Hopper was already there. "Try to tell me what happened," he said.
"Ve vere just lying on de couch," Alexei said. "I just fell asleep for a minute." He buried his head in his hands.
"Anything to go on at all?"
He showed Hopper the footprints, but what good could they do? Even if they could tell what shoe the man wore, thousands of people could have the same shoe. Hopper sighed. "It's more than we got from the last two scenes. You got any coffee?"
Alexei made the coffee without being quite aware of what he was doing. It was only when he went to get the cream that he stopped in his tracks. There was a new drawing on the refrigerator. The squiggly-haired man was on the floor, covered in red crayon. So was the woman with brown lines down to where a stick figure's shoulders would be. And a frowning man was taking away the little girl.
"How's that coffee coming?" Hopper said. He turned and showed Hopper the drawing. "You and Joyce?" Alexei nodded. "You think that's blood?" He nodded again. "Well, it didn't happen that way-"
"Because she left," Alexei said. "She vent vid him, so he vouldn't kill her mom and dad." And then he started crying again, and he didn't care what Hopper thought. What did anything matter?
"Oh Jesus, okay. Come on. Pull it together." Hopper patted his back, a little too hard.
Then they heard yelling outside. Joyce, wanting to know why there was crime scene tape around her house. Alexei took a few deep breaths to still his sobbing, then went out. He didn't have to say anything. She understood the drawing perfectly. And they collapsed into each other's arms and cried there, on their front porch.
"I'm sorry," Hopper said. "We're doing everything we can."
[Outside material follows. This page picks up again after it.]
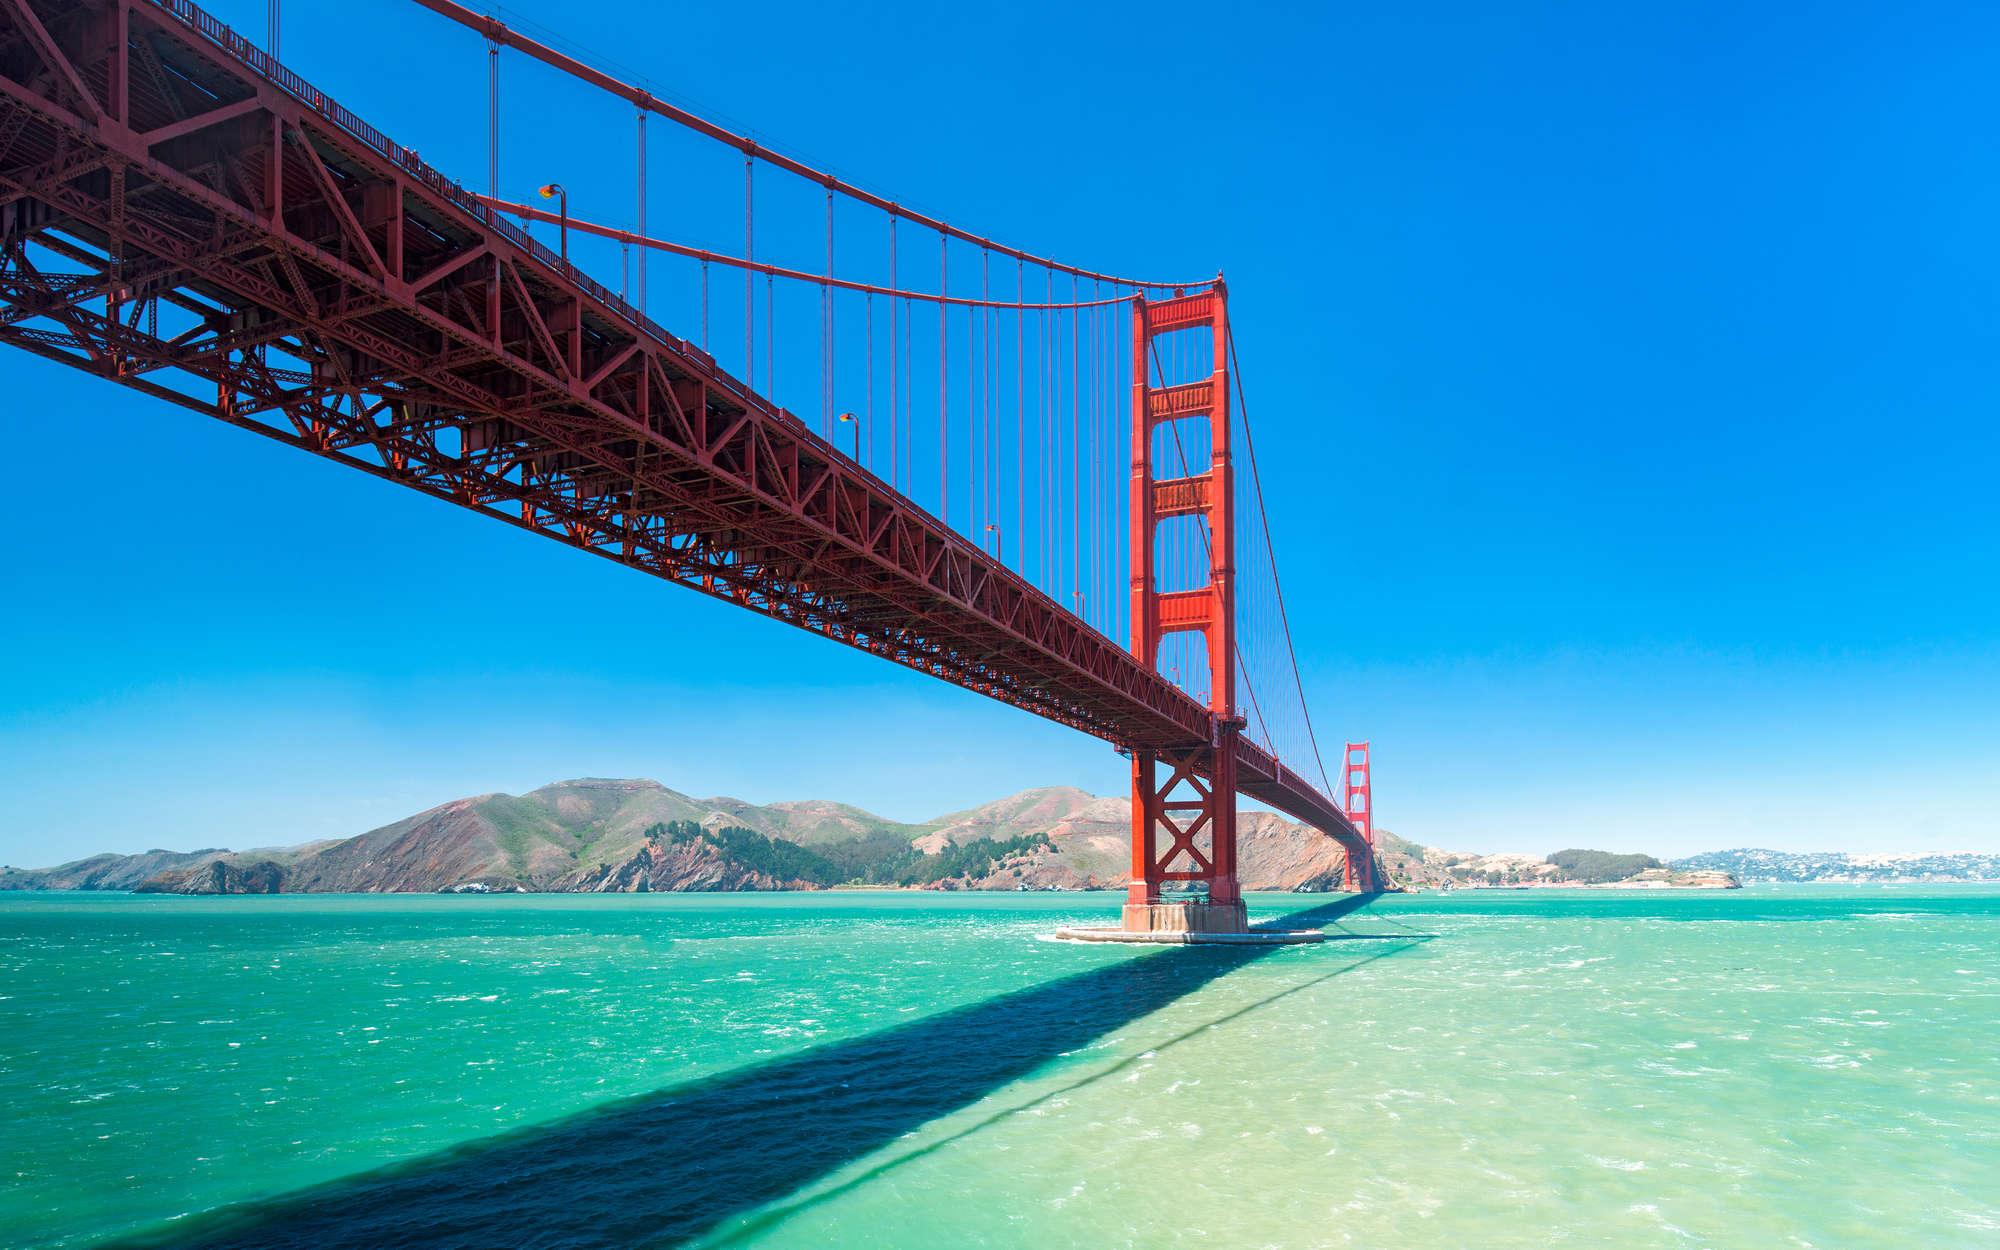             Golden Gate Bridge in San Francisco Onderlaag behang - Strukturenvlies

"No, you're not," Alexei said, and he didn't care what Hopper did if he didn't like the words. "Dere's one person you need to talk to, but you von't."
"Don't bring my daughter into this-"
"What about our daughter?" Joyce demanded. "Do you have any leads at all? On her? Manny? LaTisha? Conner?"
Hopper shook his head. "And you think El's just going to lead you to your kid?"
"I don't know," Alexei said. "But I vill go find her if you von't."
"Fine," Hopper grunted. "Let me use your phone."
Alexei and Joyce hovered by while Hopper listened to it ring. They heard him sigh. "Listen kid, I know why you let it go to the machine. I know you're mad at me. I promise, this isn't about that. We need your help. I do. And at least four kids. You don't want to see me, fine. Call Joyce. She needs you." He slammed down the phone. "Look, I did what I could."
The phone rang before he'd finished his sentence. Joyce jumped to pick it up. Her face broke into a smile. "Oh, thank God. El, please get down here as soon as you can. You know what, never mind, I'll come pick you up. Thank you so, so much." She grabbed her keys and was out the door.
"Vat should I do?" Alexei asked Hopper.
"I don't know," Hopper started to answer, but the phone rang again. Alexei picked it up.
"Byers residence," he said, because he wasn't sure El would have any good feelings for him.
"Alexei?" It wasn't El, it was Gloria. "Can you come down to the hospital? I think I'm ready to hear whatever paranoid shit you were selling me yesterday."